Since the ruling party campaigned on a job creation ticket Batswana expect every budget to demonstrate commitment to their election pledge.  Surprisingly upon being elected into power the ruling party spoke in tongues. Instead of implementing an ambitious job creation strategy the ruling party argues that job creation is not government responsibility.  According to government officials the role of government is to create favourable environment that allows the private sector to generate wealth and create jobs.  A business friendly environment is expected to attract direct foreign investment. 


These include removing unnecessary bottlenecks such as reduction of time it takes to register a company, opening of bank accounts, processing work and residence permits. That government is there to build social, physical and communications infrastructure. Under the ruling Botswana Democratic Party (BDP) job creation is everybody’s concern but nobody else responsibility. It’s a pathetic state of affairs.
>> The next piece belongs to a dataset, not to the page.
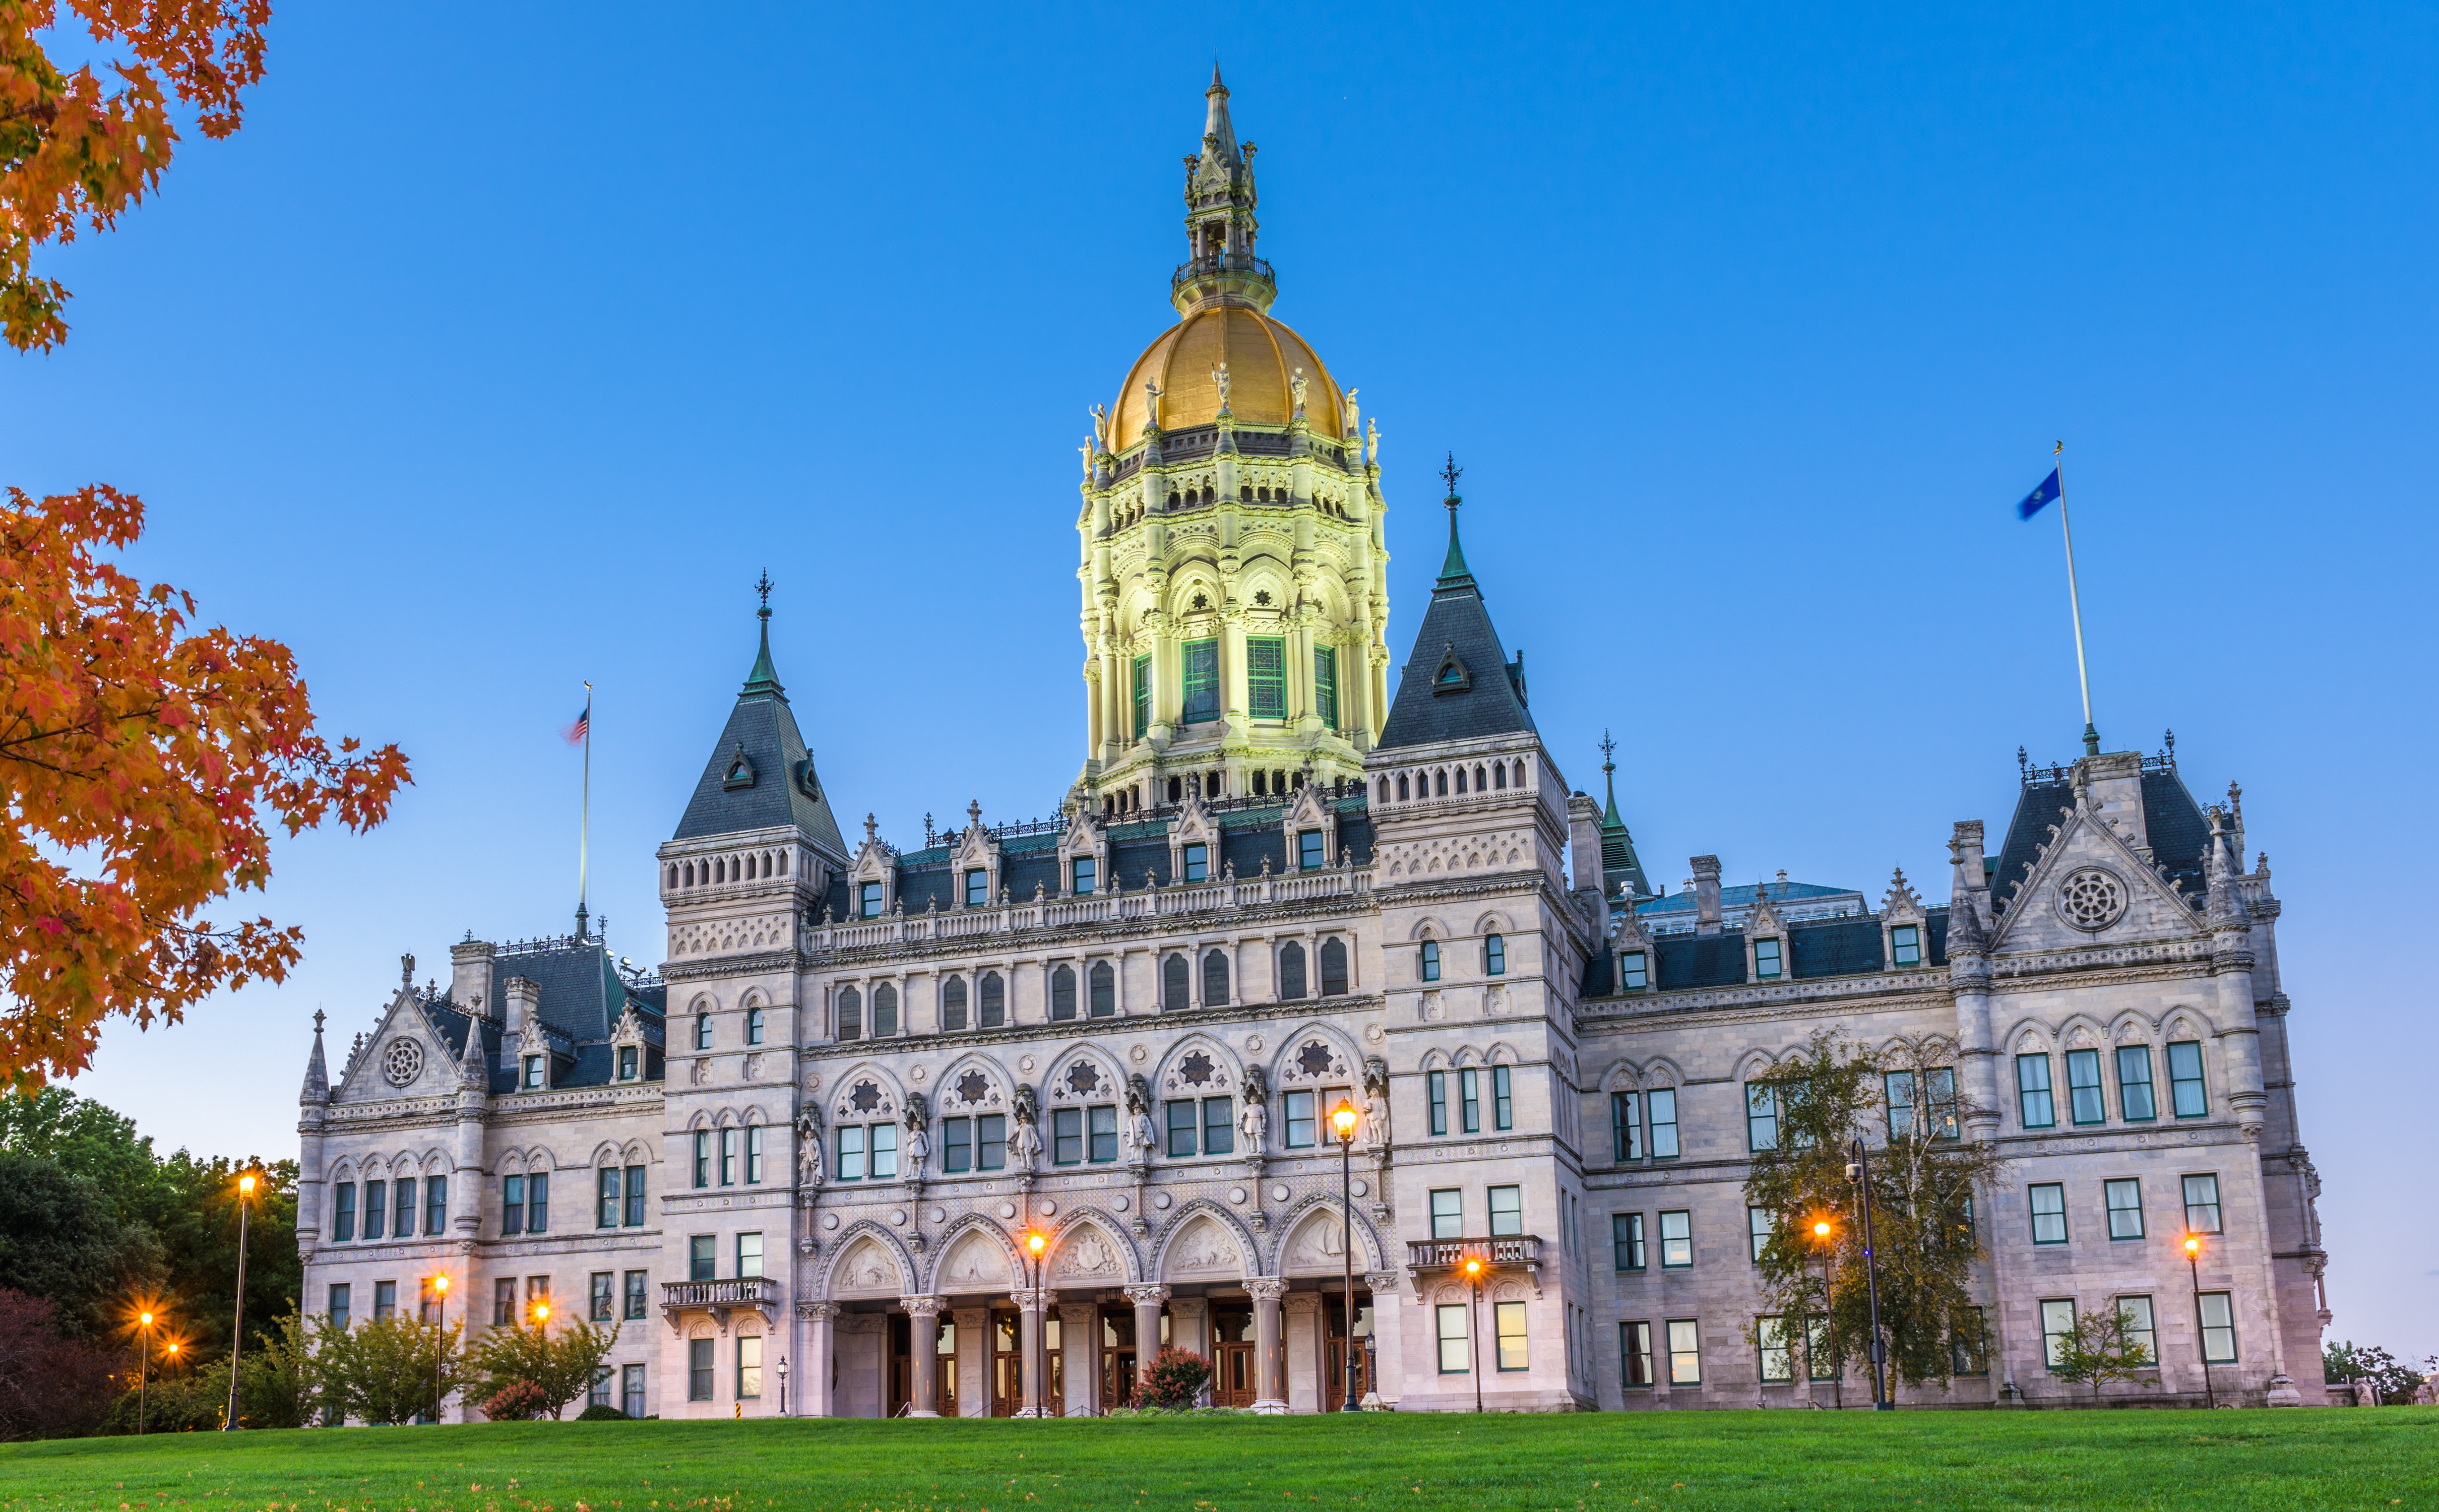 Connecticut State Capitol - NAIFA's Legislative Day on the Hill in Hartford

Interestingly government has constructed a relatively good social and physical infrastructure. However, this has not translated into the emergence of a private sector that has the capacity to generate wealth and create jobs as anticipated.  The main reason is that provision of social and physical infrastructure is a necessary but not sufficient requirement for economic development.


The fact of the matter is that government has adopted an economic model that is driven by profit.  Unfortunately job creation is not in the profit making equation. Private business is there to maximise profit through exploitation of the working class. Brothers Malema a decorated professor of economics with the University of Botswana asserts that since government controls massive wealth, it is deceptive to then expect a private sector that is at its infancy to lead the job creation crusade and to cope with the ever rising unemployment levels.  It is only through government intervention that permanent and decent jobs can be created.  The Chinese model is there for all to draw a leaf from.
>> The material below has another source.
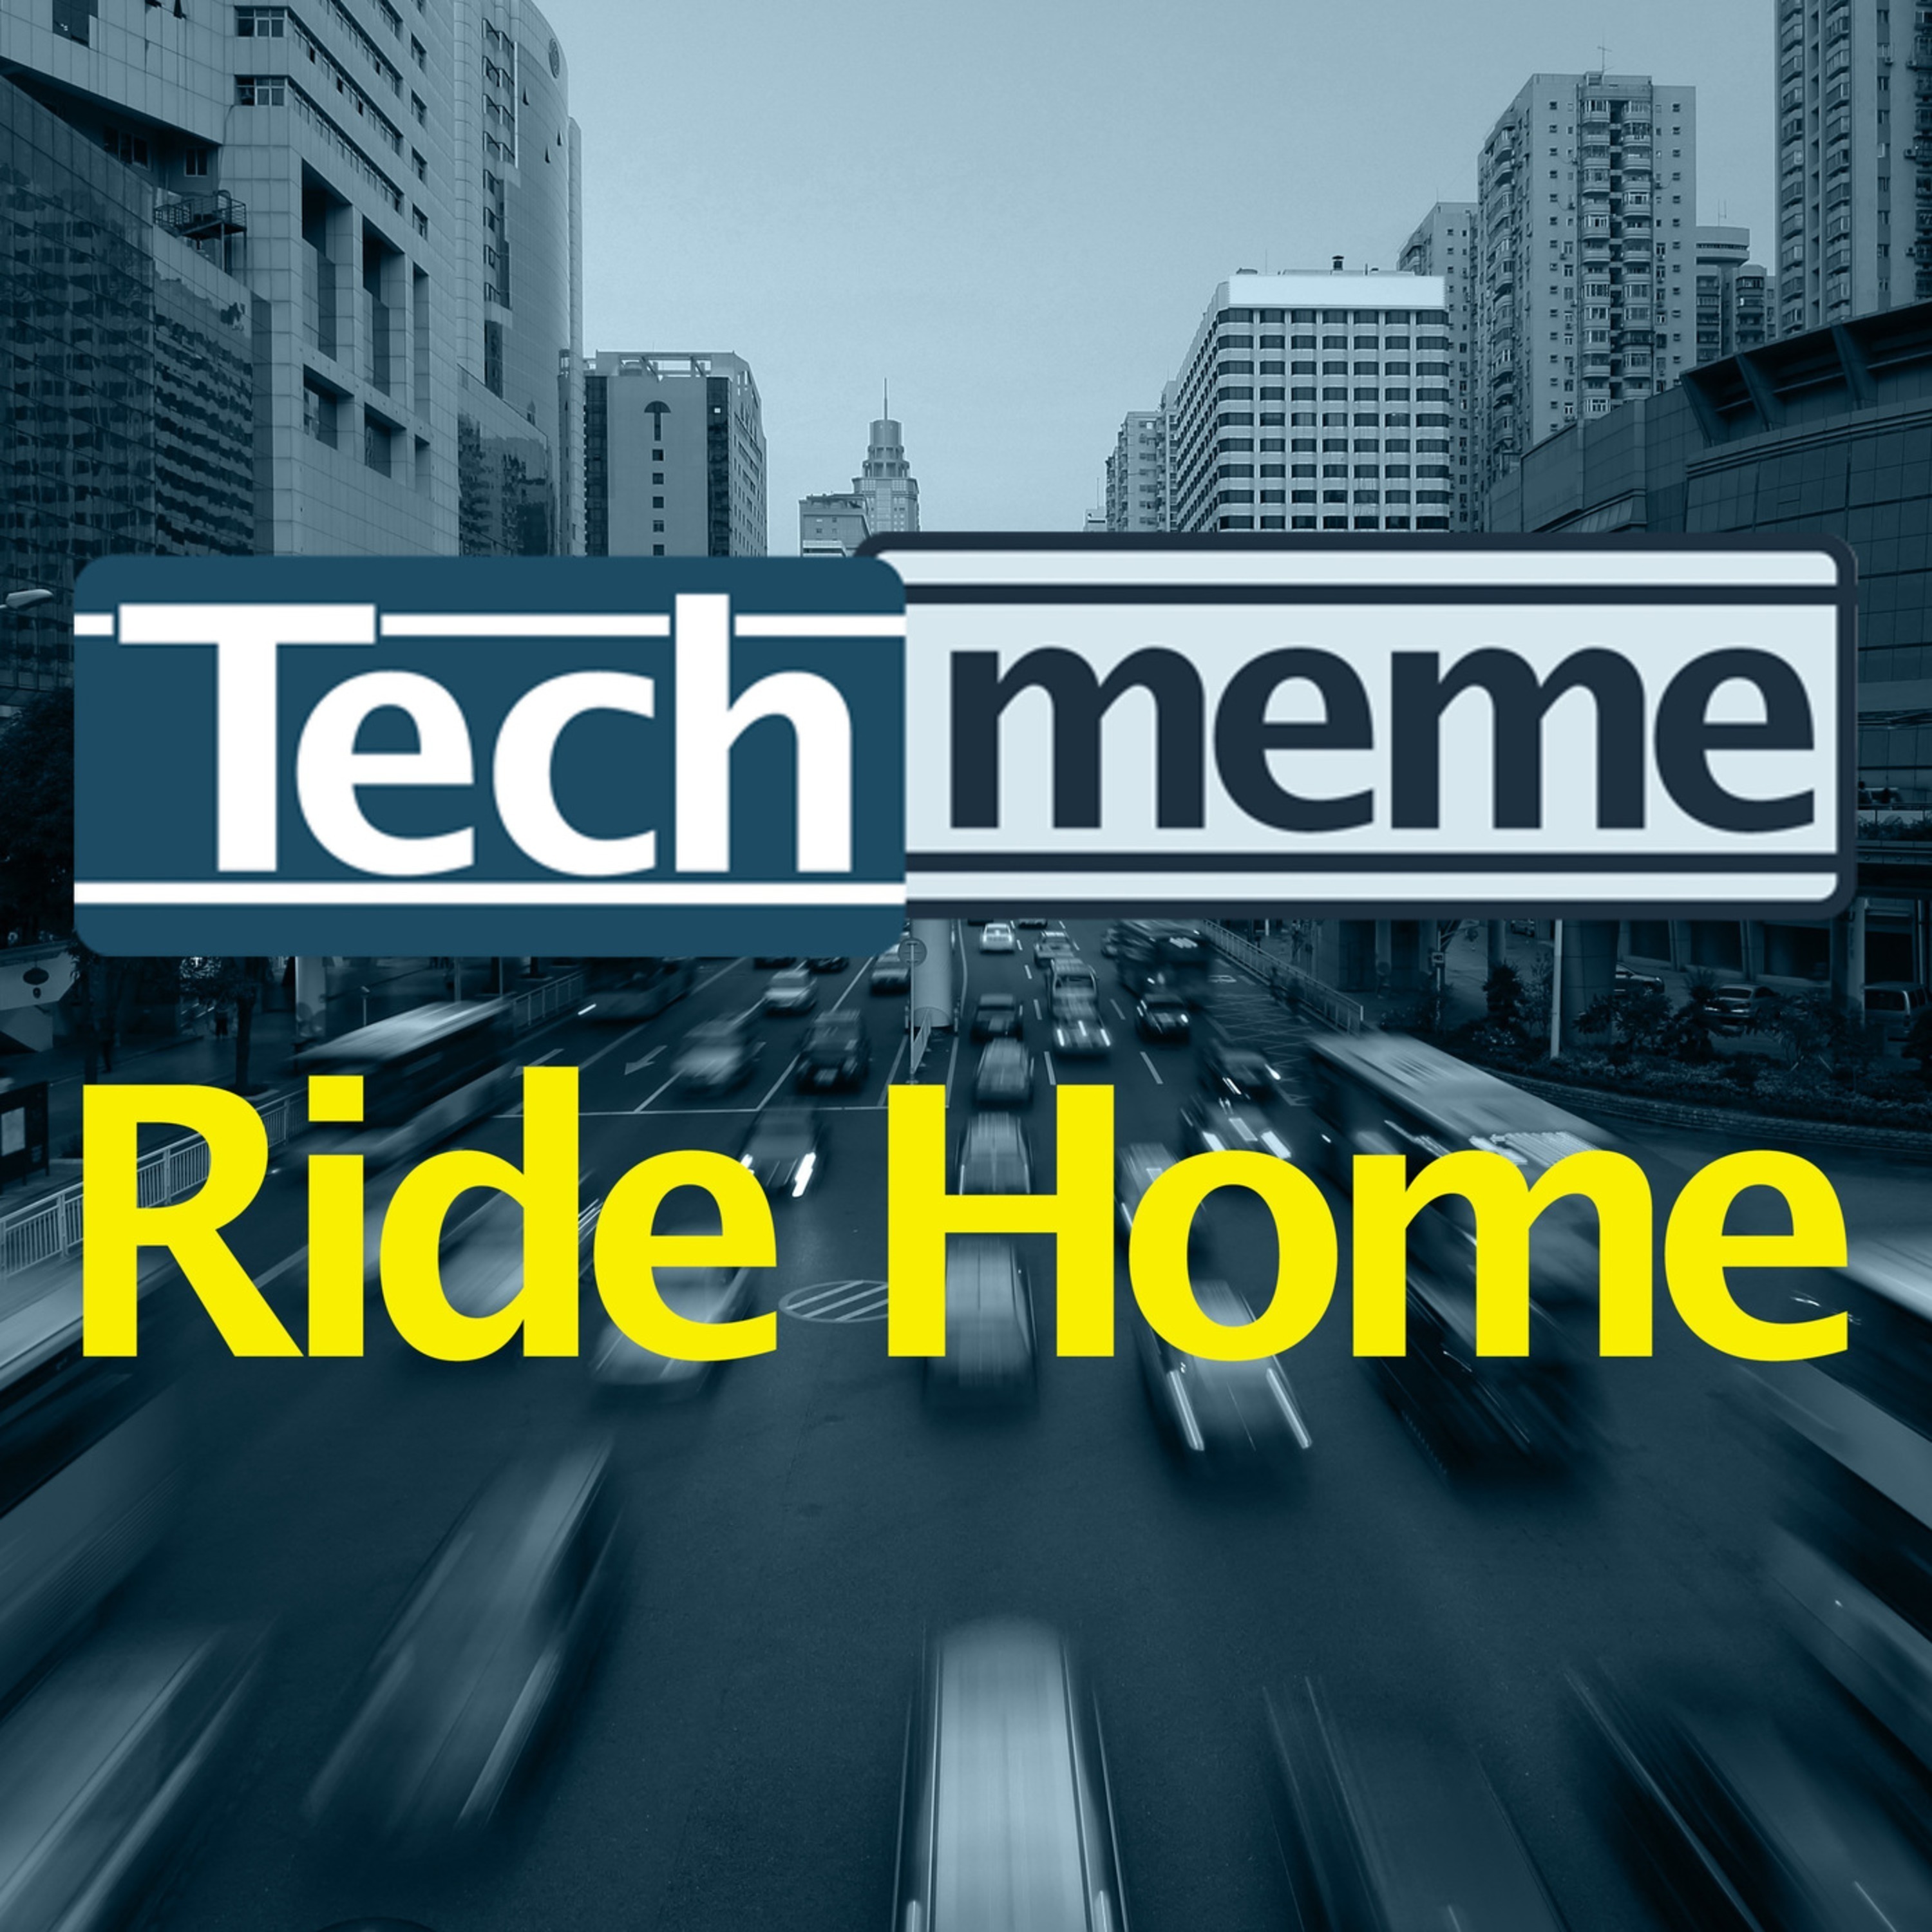 Techmeme Ride Home - a16z’s Media Play; Stripe As King Of Kommerce

When it comes to job creation government has abdicated its responsibility.  They continue to follow an economic model that has dismally failed to create sufficient jobs despite abundance of natural resources.  For this reason government finds nothing wrong in allocating billions of pula to purchase sophisticated military equipment in the form of Swedish Gripen Fighter jets. 


Sadly not a single part of the aircraft will be manufactured or assembled in Botswana to create the much needed employment opportunities.  We have a government that sees nothing wrong in exporting unprocessed salt and cattle by-products. This is what Botswana Congress Party (BCP) calls job exportation.
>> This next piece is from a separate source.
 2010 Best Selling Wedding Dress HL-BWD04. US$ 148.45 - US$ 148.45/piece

A budget cannot be given a thumb-up on the basis of the amount allocated to specific ministries but should be assessed on the basis of service delivery.  Any excitement based on the proportion of budget allocation is misplaced. For example Botswana is well known for a relatively high percentage of the national budget allocated to the Ministry of Health and Wellness yet health care delivery has deteriorated in recent years.  The same is true in respect of budgetary allocations to the Ministry of Education. 


Another fallacy is to glorify economic growth as if it is a panacea to economic development and job creation.  In the past Botswana experienced one of the highest levels of economic growth. During the same period income inequality was on the rise as well as joblessness. GDP growth and per capita income have long been discredited as good measures of economic development.  Even friends of government such as Business Botswana describe the current budget proposals as unexciting.  It is yet another stale budget that is uninspiring.